I hear many ex-Mormons tell of having arrived at their positions by Doing Their Own Research. Honestly that was how it was for me. In that vein, the apologists like to dismiss ex-Mormons as mindless overreactors who are like conspiracy theorists overreacting to some piece of misinformation they found online about how vaccines are bad or something akin. What is really going on, however, is that in a few pockets of Mormonism, there is a rather large intellectual presence that defends traditional Mormon beliefs. Because this group is quite prolific and outspoken, and widely accepted in the Mormon community, within these pockets of Mormonism, this group appears mainstream and the traditional ideas of Mormonism appear validated by experts and academics. Those who challenge these ideas appear to be going against the grain of intellectuals within these small pockets. Herein lies the problem. If we expand the picture to include all academics and intellectuals throughout the world, Mormon beliefs are not validated or mainstream. They are extreme. The only intellectuals defending Mormonism were deeply socialized in the Mormon culture often from very early stages of life. Mormon truth claims have no validation or acceptance outside very small pockets. Additionally, over decades, the church has indirectly funneled millions and millions of dollars to back faith-based research and researchers to build the extremely prolific world of apologetics. It would thousands and thousands of hours to read everything that has been published. And yet, almost none of this work has gained any acceptance outside Mormonism. The whole design of this research isn’t to expand or contribute to general knowledge. It is to create a smokescreen that will discourage already believing Mormons from being able to build a narrative to justify exiting the church. And it has been effective at that. But not at convincing outside intellectuals of the veracity of Mormonism.
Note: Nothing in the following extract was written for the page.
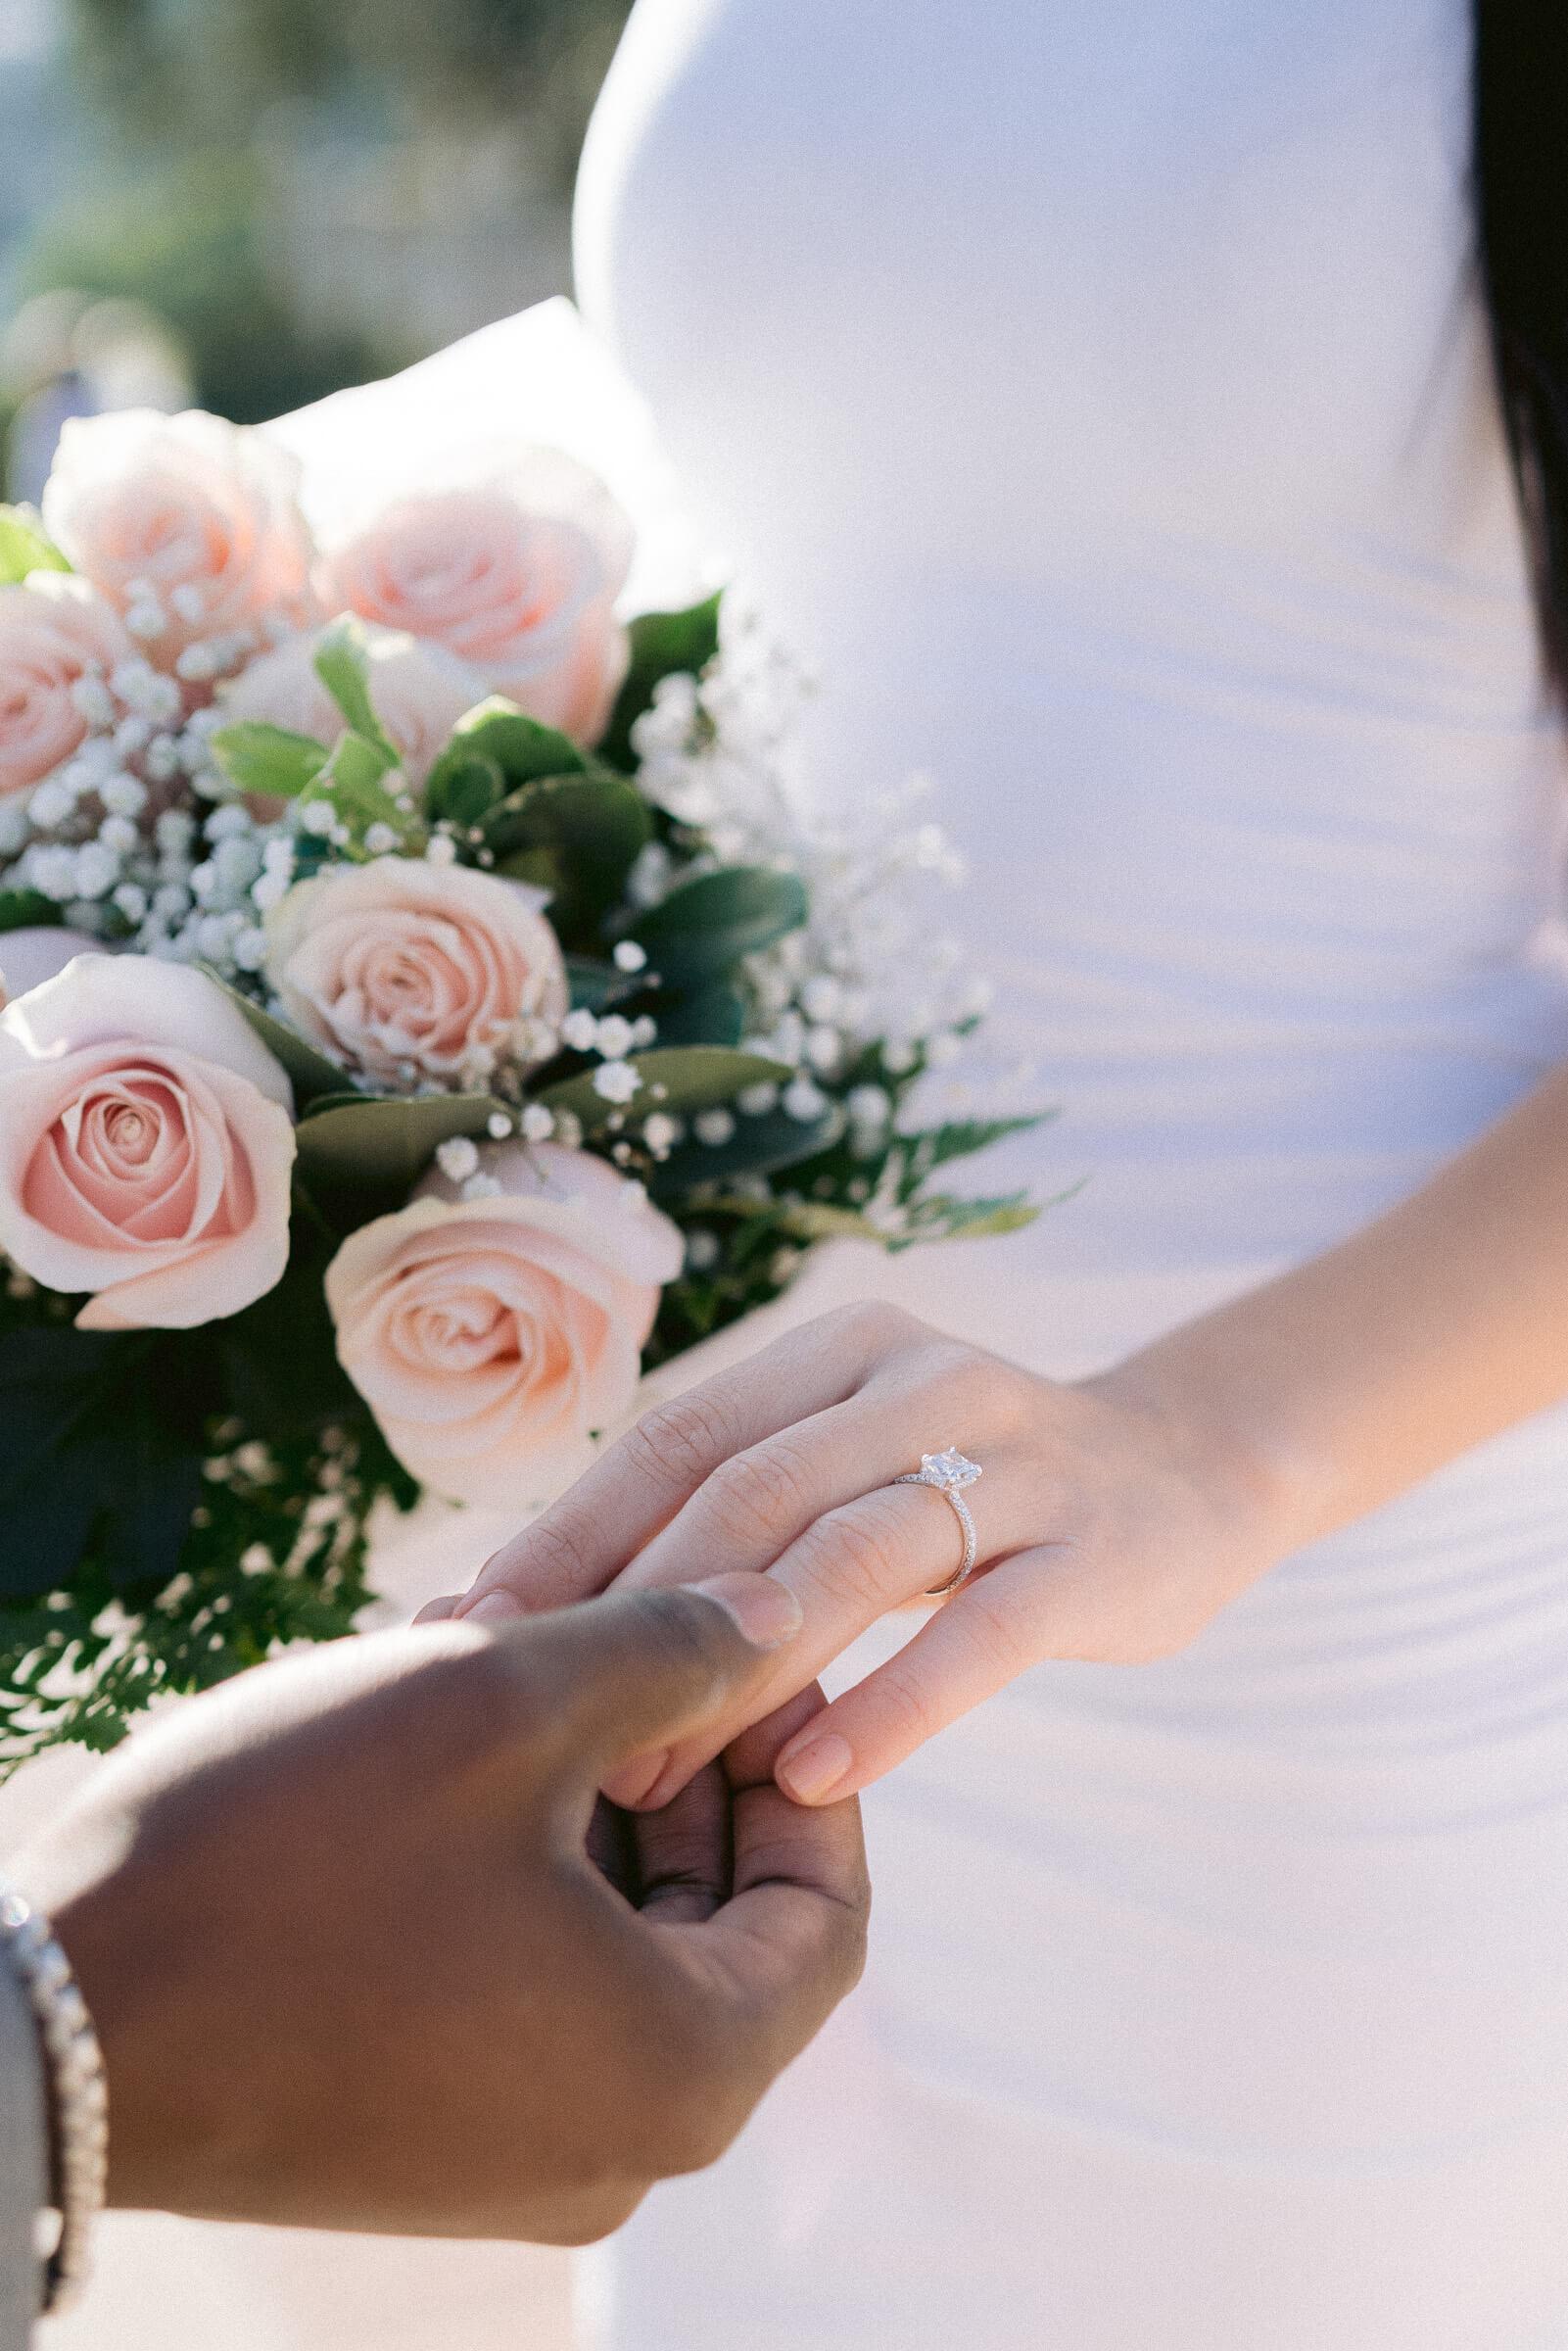 ucla-los-angeles-proposal-photographer-24.jpg

So in the context of tightly-knit communities that have a large webbed narrative that the pump into its members from early ages and a network of protectors of the traditional narrative, it is incumbent upon individuals to do their own research to figure out a way out. But in the context of the larger mainstream scientific thinking in the free world where science is the least tainted by political influences, we can try to do our own research, but we must recognize that doing our own research in a productive and meaningful way is incredibly difficult (in both social and hard sciences) and we must rely extensively upon experts in getting to a place where we can produce independent thought on these subjects. By entertaining fringe theories that challenge the very fundamentals of mainstream thought, we risk going down conspiracy theory rabbit holes from which we may never exit. I’ve lost several family members to conspiracy theory. They will never return to reality.